Futures pinned as oil price slump hammers energy stocks


The floor of the New York Stock Exchange (NYSE) stands empty as the building prepares to close indefinitely due to the coronavirus disease (COVID-19) outbreak in New York
FILE PHOTO: The floor of the New York Stock Exchange (NYSE) stands empty as the building prepares to close indefinitely due to the coronavirus disease (COVID-19) outbreak in New York, U.S., March 20, 2020. REUTERS/Lucas Jackson

April 20, 2020

By Shreyashi Sanyal and C Nivedita

(Reuters) – U.S. stock index futures fell on Monday as a slump in oil prices pounded energy stocks, with investors also bracing for another batch of dour first-quarter earnings reports and economic data.

Exxon Mobil Corp <XOM.N> shed 2.4% in premarket trading and Chevron Corp <CVX.N> 3.6% as U.S. crude prices fell to levels last seen in 1999 on concerns of oversupply.

Wall Street’s main indexes have rallied this month, with the S&P 500 <.SPX> ending Friday with its biggest two-week percentage gain since 1974 on a raft of global stimulus and hopes the virus was nearing a peak in the United States.

The Nasdaq <.IXIC> also registered its best two weeks since 2001, powered by new record highs for Netflix Inc <NFLX.O> and Amazon.com Inc <AMZN.O> – deemed “stay-at-home” stocks as widespread lockdowns fueled demand for online streaming and home delivery of groceries.

Still, the benchmark S&P 500 is about 15% below its all-time high and analysts have warned of a deep economic slump from the halt in business activity and millions of layoffs.

“There’s an early street consensus this morning that risk has run too far, too quick,” said Stephen Innes, chief global markets strategist at AxiCorp.

“With several ‘stay-at-home’ names trading at or near year-to-date highs, the risk for a round of profit-taking might be on the cards ahead of S&P 500 earnings reports this week.”

Oilfield services provider Halliburton Co <HAL.N> slid 7.1% after joining bigger rival Schlumberger <SLB.N> in taking impairment hits in the first quarter and issuing a bleak outlook for its North American business.

Oil-related firms Apache Corp <APA.N>, Marathon Petroleum <MPC.N>, Hess Corp <HES.N> and Schlumberger fell between 5.2% and 14%.

After U.S. banks kicked off the quarterly earnings season with painful forecasts for 2020, investors will keep a close watch on reports from Delta Air Lines Inc <DAL.N>, Southwest Airlines Co <LUV.N> and Netflix Inc <NFLX.O> later in the week.

At 7:44 a.m.

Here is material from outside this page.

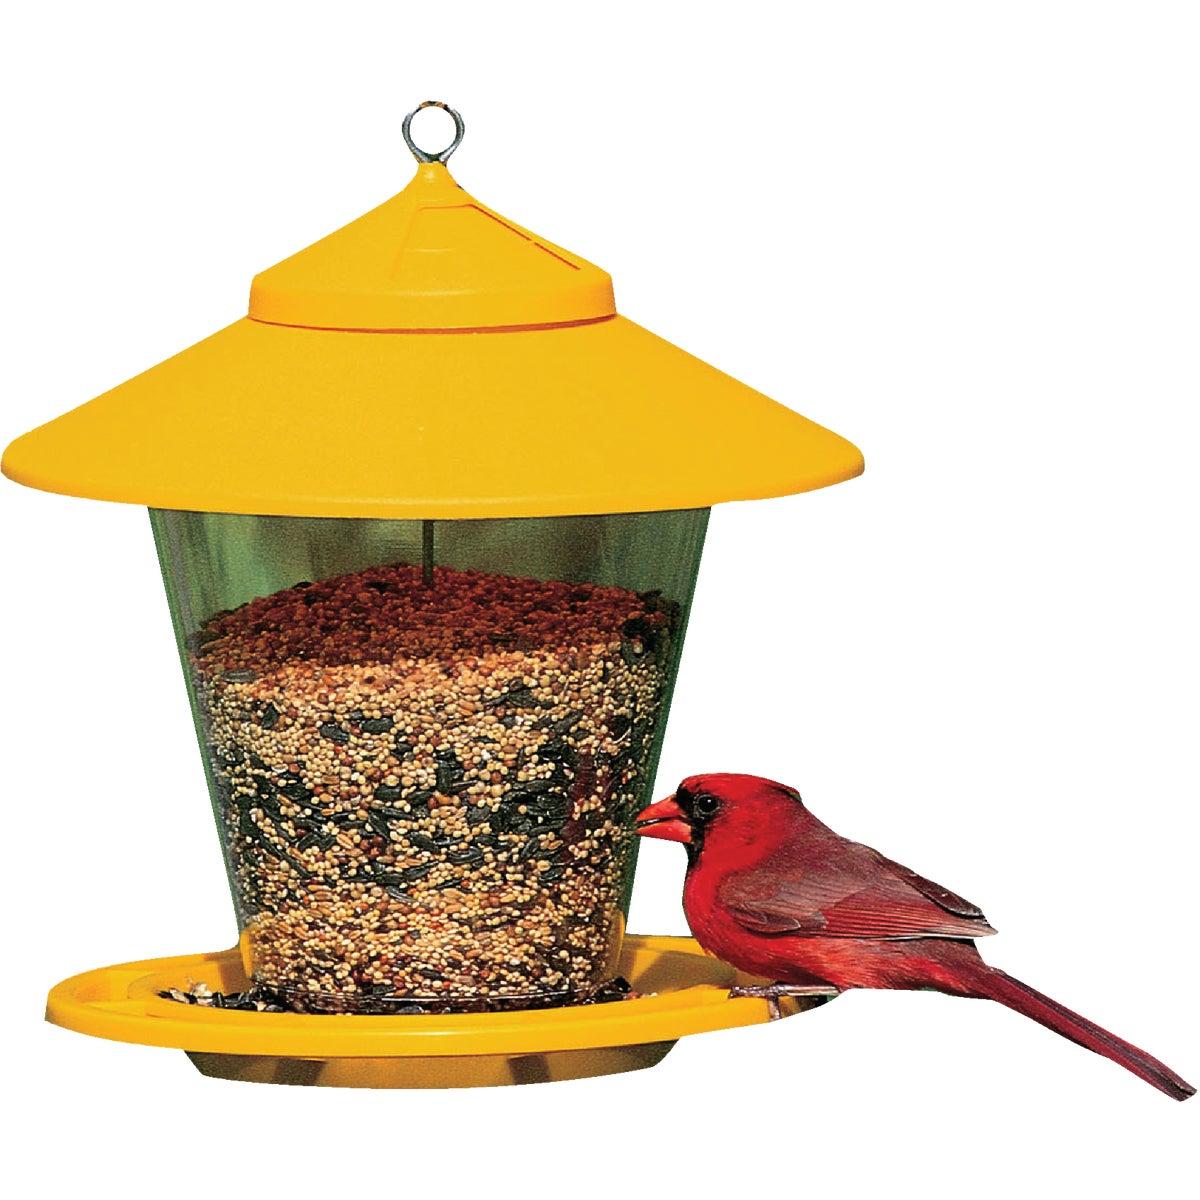 Kay Home Products GRANARY BIRD FEEDER 6231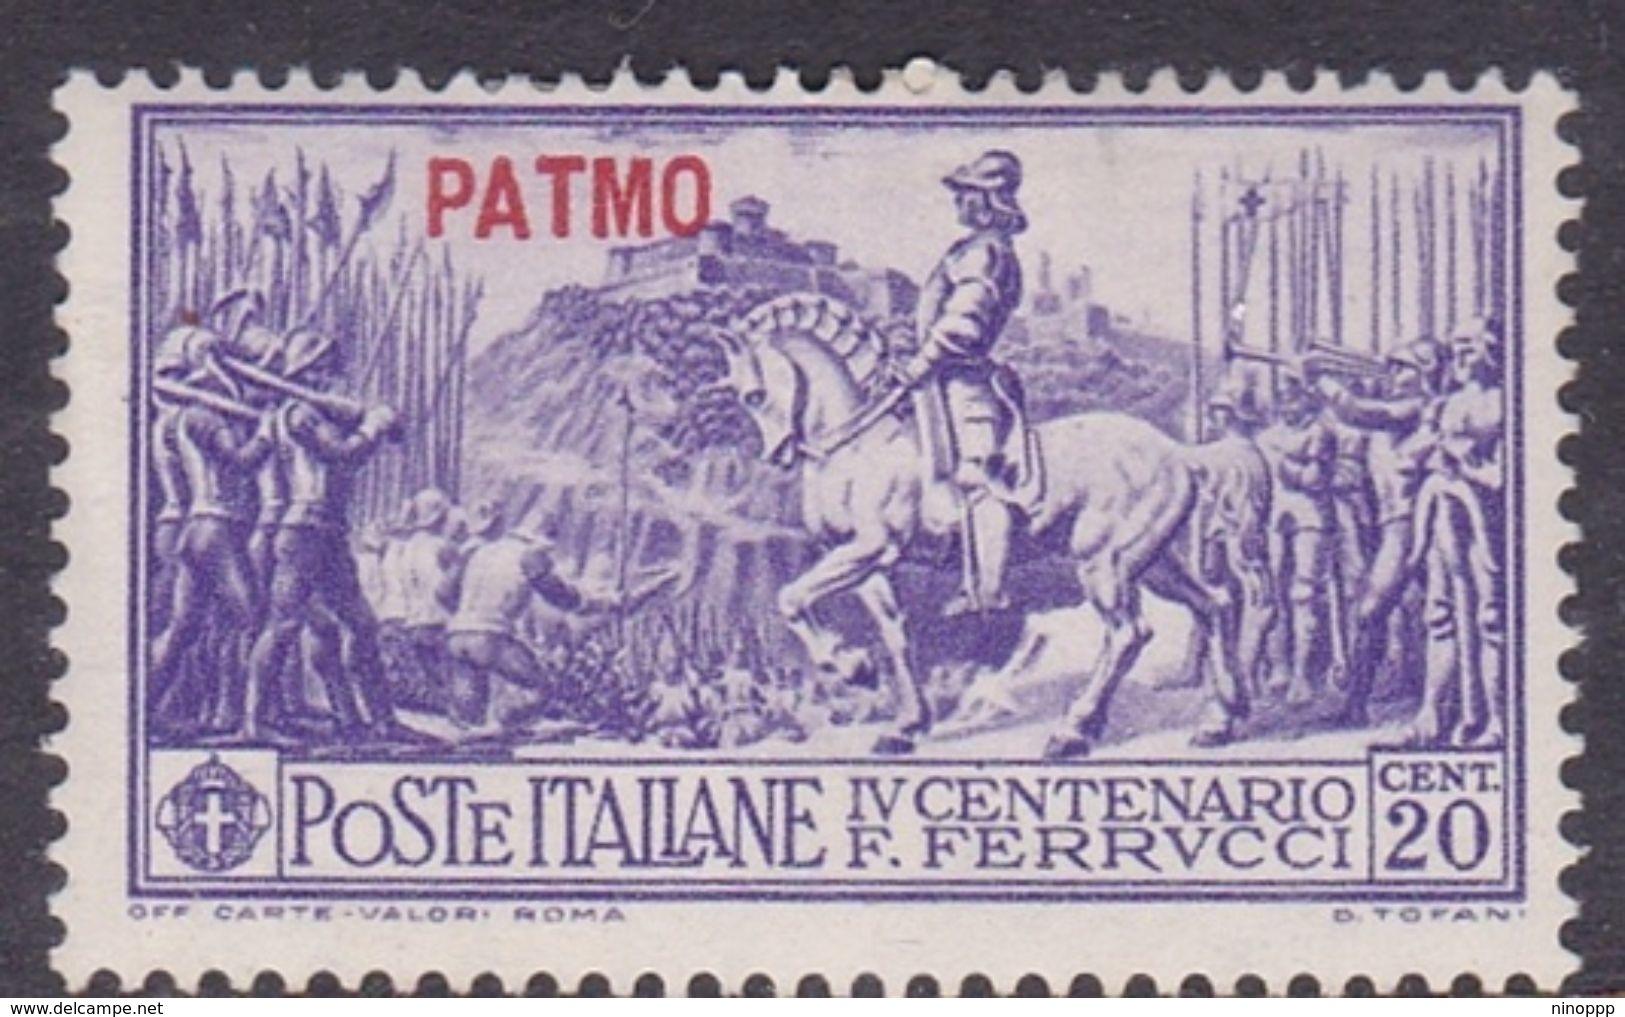 Italy-Colonies And Territories-Aegean-Patmo S 12 1930 Ferrucci 20c Violet MH - Egée (Patmo)

ET, Dow e-minis <1YMcv1> were down 462 points, or 1.91%, S&P 500 e-minis <EScv1> were down 52 points, or 1.81% and Nasdaq 100 e-minis <NQcv1> were down 87.5 points, or 0.99%.

Hopes have also risen for a gradual reopening of the economy after President Donald Trump cited signs of plateauing in the virus outbreak last week and outlined new guidelines for states to pull out of shutdowns.

But his plan was thin on details and left the decision largely up to state governors.

“The recovery will be much slower than the market is currently pricing in simply because social distancing measures can be relaxed but not removed until we have a vaccine or a very effective cure,” said Andrea Cicione, head of strategy at TS Lombard in London.

In economic news, surveys on April U.S. manufacturing and services sectors are due on Thursday, while U.S. jobless claims are forecast to have hit as many as 5 million in the week ended April 18, on top of 22 million claims in the previous four weeks.